Students measure calories burned on well-trod campus routes

You’ve taken a 15-minute, 1,766-step walk from Antonio’s Pizza in downtown Amherst to the campus’s Haigis Mall. How many Oreos do you think you’ve burned? The answer is less than two; you’ve walked off 76 calories, or just 1.4 Oreos.

Students from the UMass Amherst Nutrition Association and the Kinesiology Club banded together to measure the number of calories burned and steps taken on 11 popular campus routes and on the campus tour. They then translated the calorie counts into equivalents of unhealthful foods (Oreos, M&M’s, and Pringles) and healthful foods (almonds, baby carrots, apples, and pretzels).

The OREO (On-campus Research on Energy Options) Study raises awareness of the imperative to be more physically active, according to Barry Braun, the Kinesiology associate professor who supervised the project with post-doctoral student Cheryl Howe and the support of Patty Freedson, Kinesiology chair. “I think most students will find they don’t burn nearly as many calories in their daily routines as they think they do,” Braun says.

The figures for M&M’s are most disappointing: you’ll burn 21 walking from Orchard Hill to the Rec Center; 5.2 from the library to Fine Arts Center; 11 in a lap around the campus pond.

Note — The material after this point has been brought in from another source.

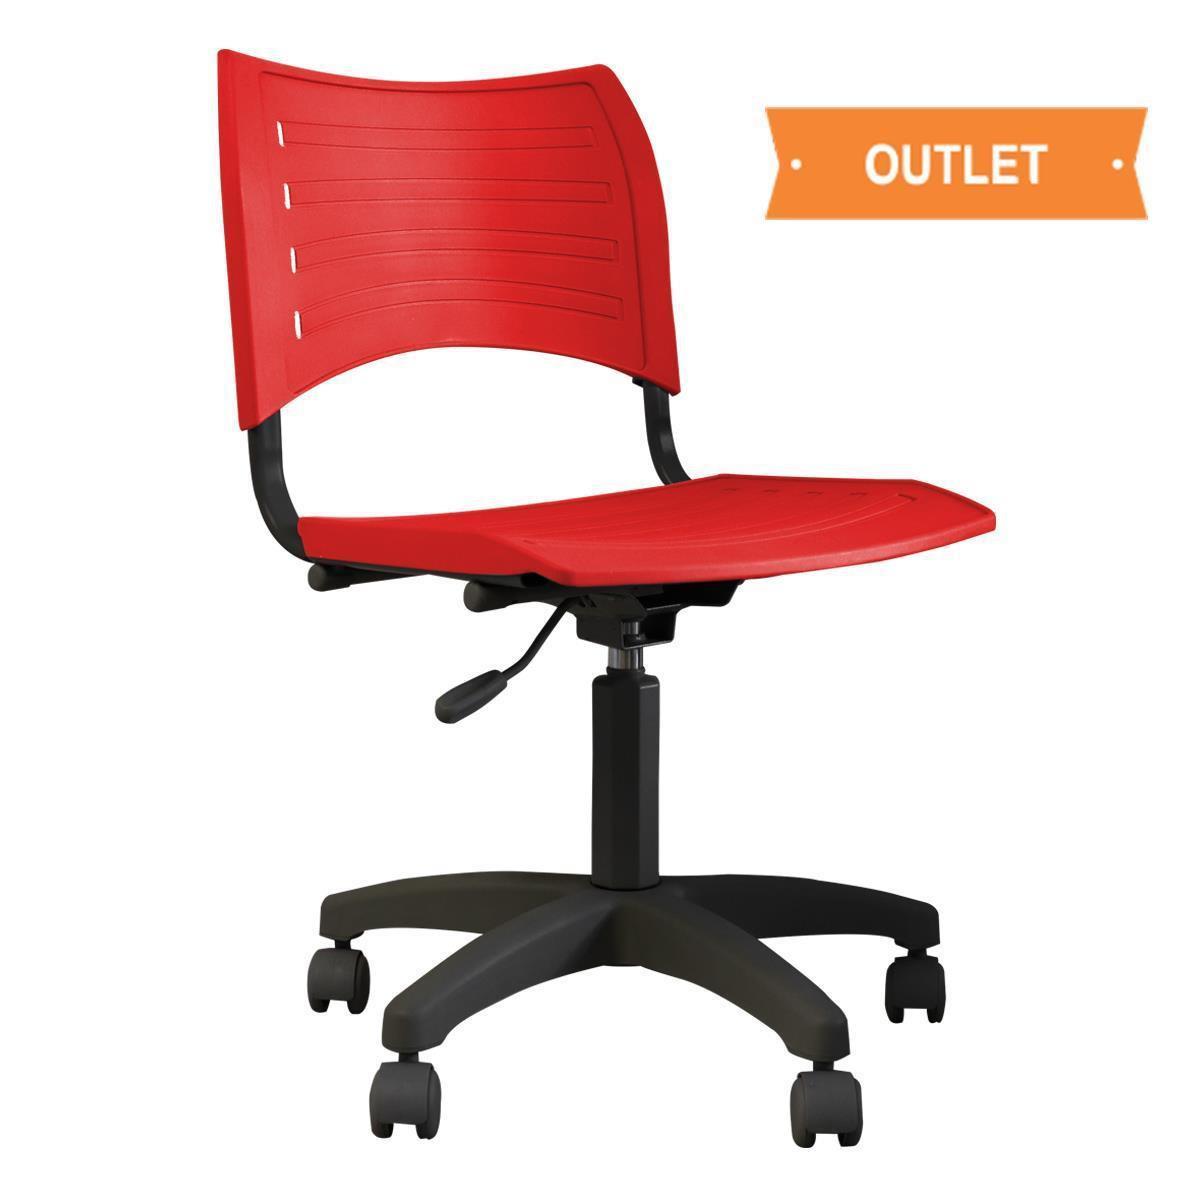 CADEIRA GIRATÓRIA TEK - Base preta, assento/encosto vermelho

As a nutrition student, Katie Gustamachio, wasn’t surprised by these results. For her role in the study she wore a portable metabolic analyzer, complete with a large mask covering her face and mouth, around campus during open house last spring. She didn’t mind making a slight spectacle of herself for science. “I did look like an alien,” she says, “but it was great for prospective students to see that undergraduates here are actively involved in research.”